# INSTRUCTIONS FOR THE TASK
Each line below from the line with "Annual Digest 2023 - CESTAT Annual" to the line with "Pejepscot Terrace in google map" must be copied exactly, including those two, and no picture may appear in the copy.

# EXTRACTED INFORMATION
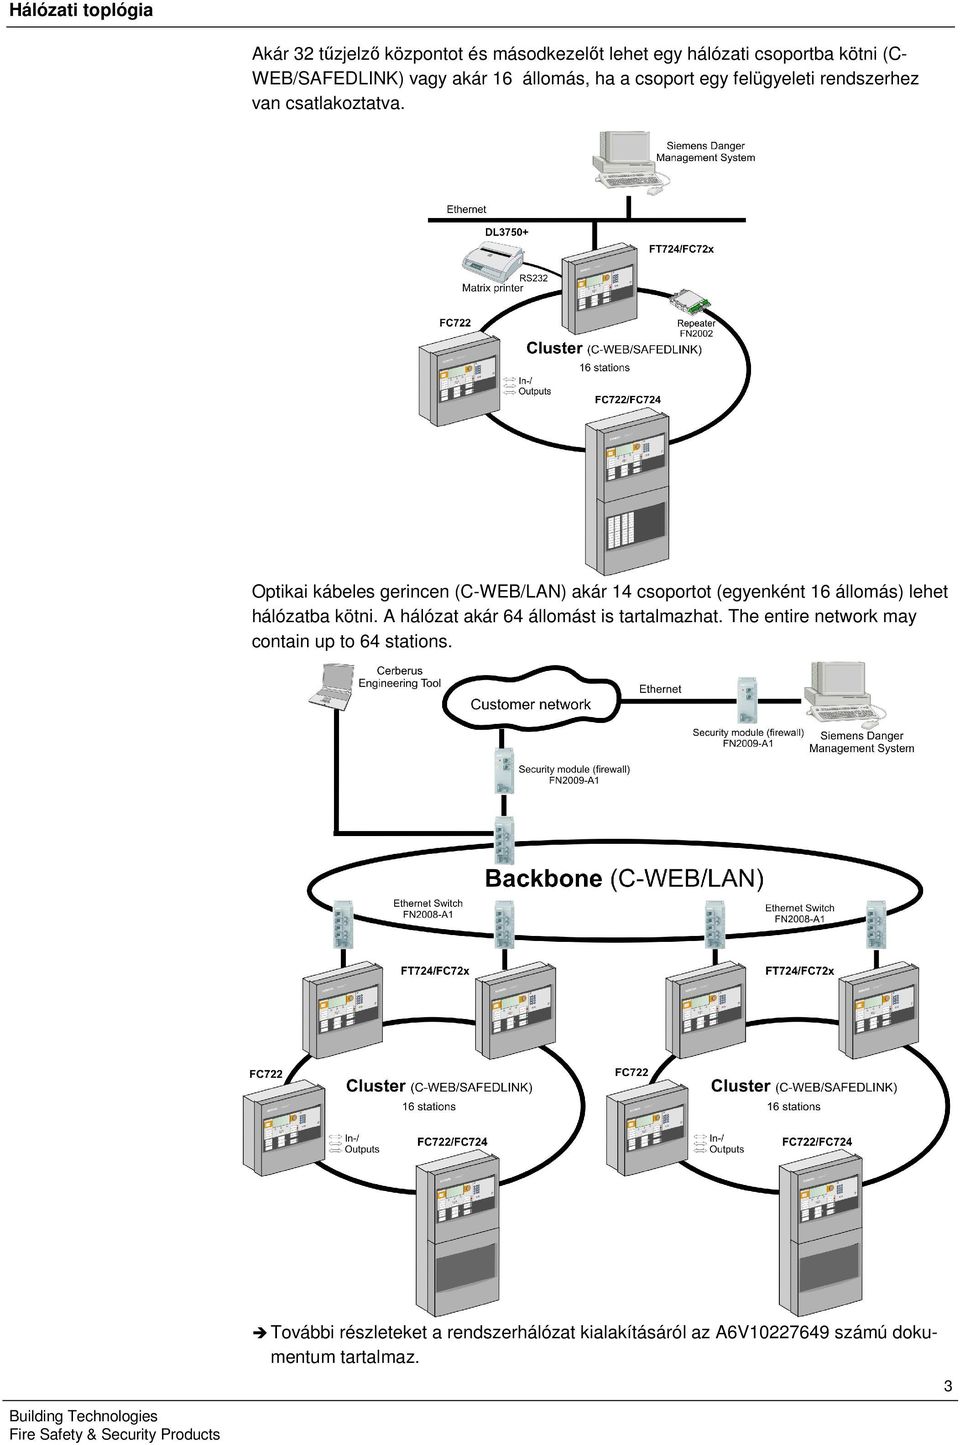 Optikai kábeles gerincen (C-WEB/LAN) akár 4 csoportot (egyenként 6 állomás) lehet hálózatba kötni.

---

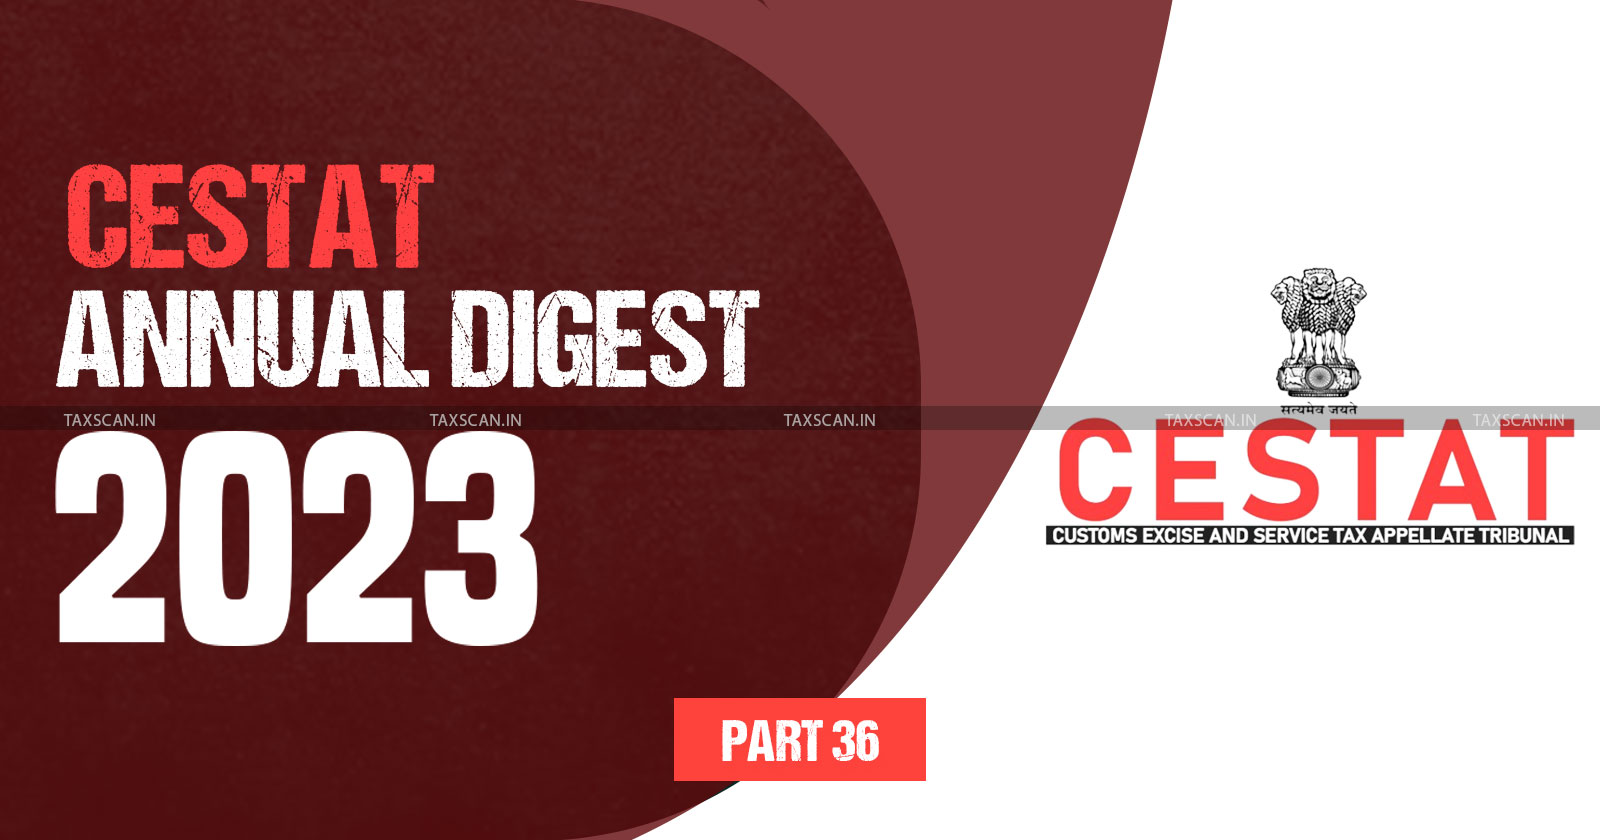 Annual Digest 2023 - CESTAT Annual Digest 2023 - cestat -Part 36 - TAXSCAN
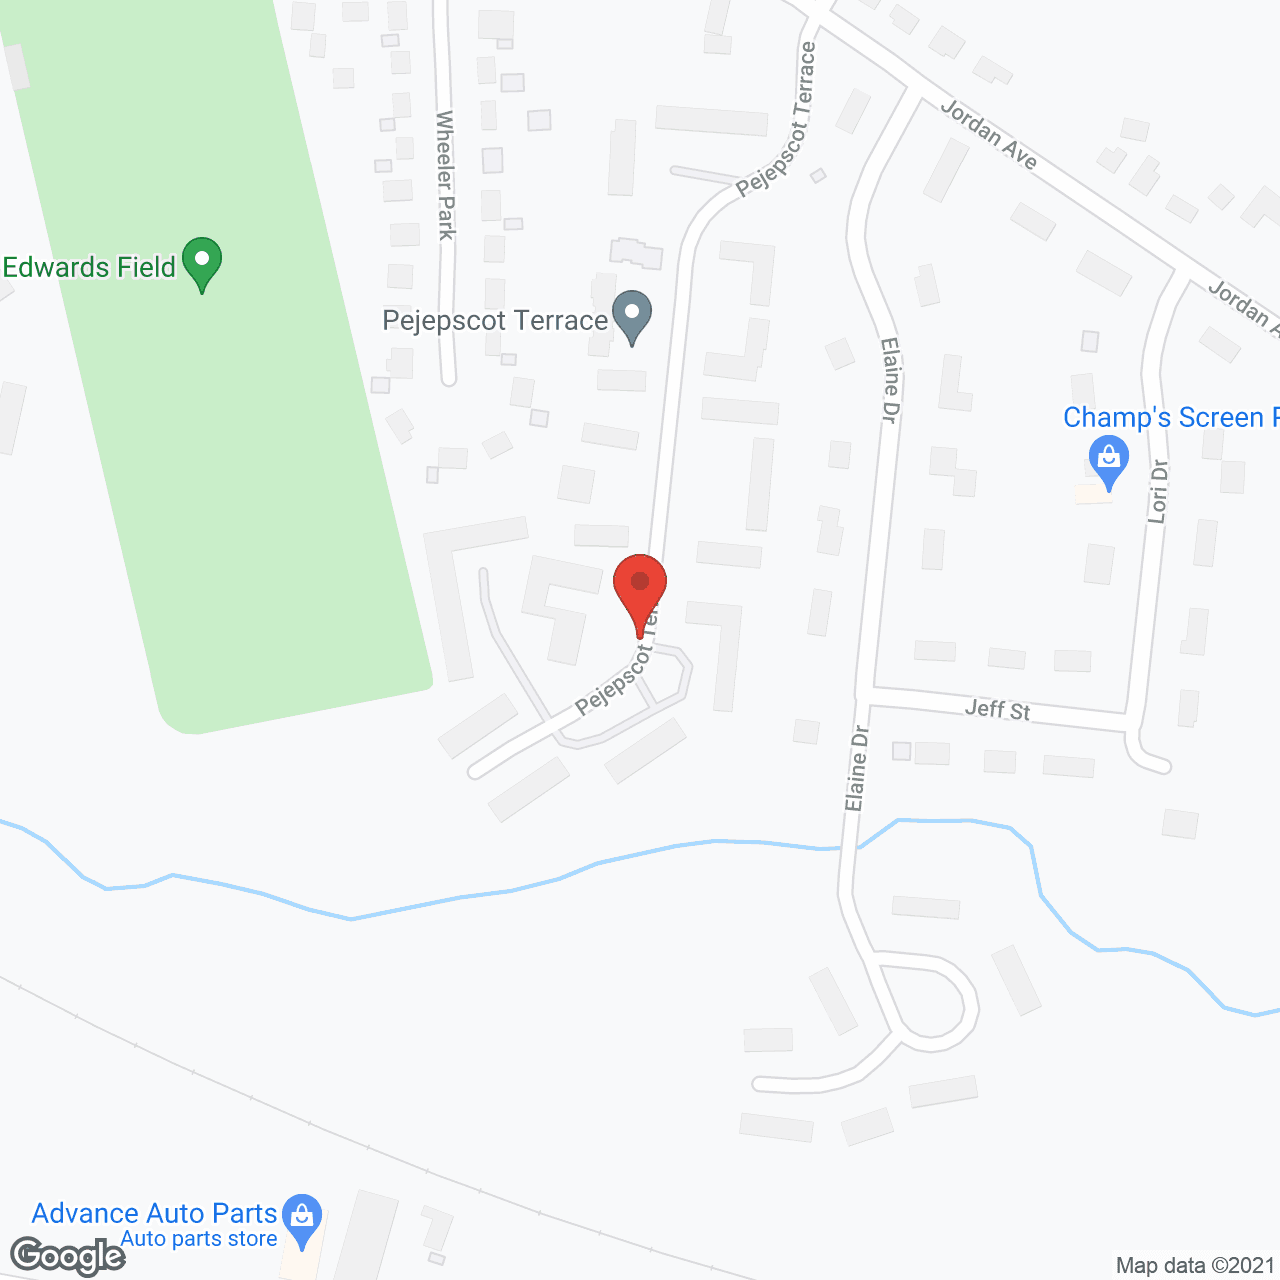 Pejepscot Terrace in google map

...

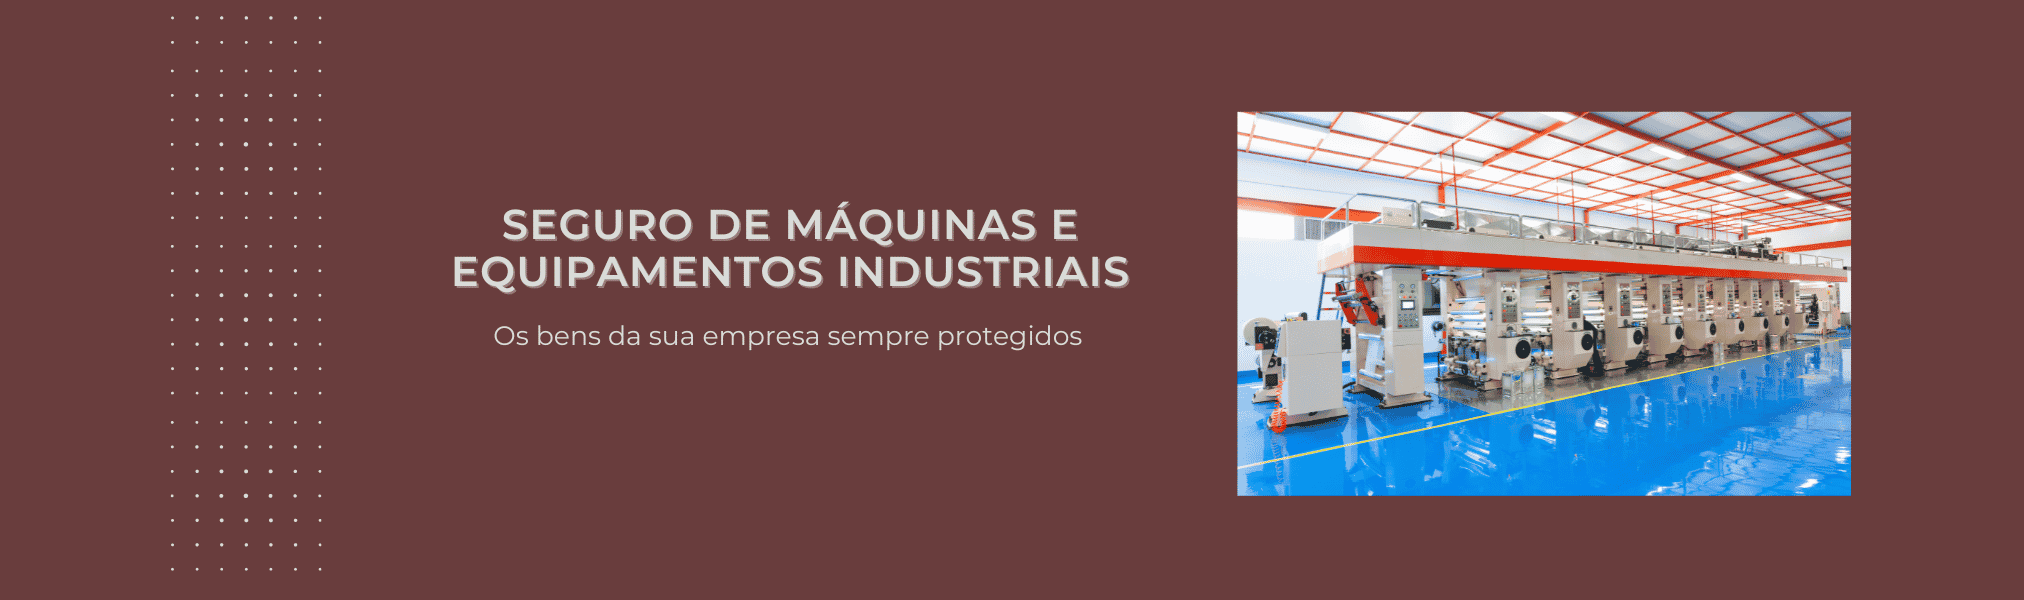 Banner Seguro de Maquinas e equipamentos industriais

# YOUR RESPONSE
 Annual Digest 2023 - CESTAT Annual Digest 2023 - cestat -Part 36 - TAXSCAN
 Pejepscot Terrace in google map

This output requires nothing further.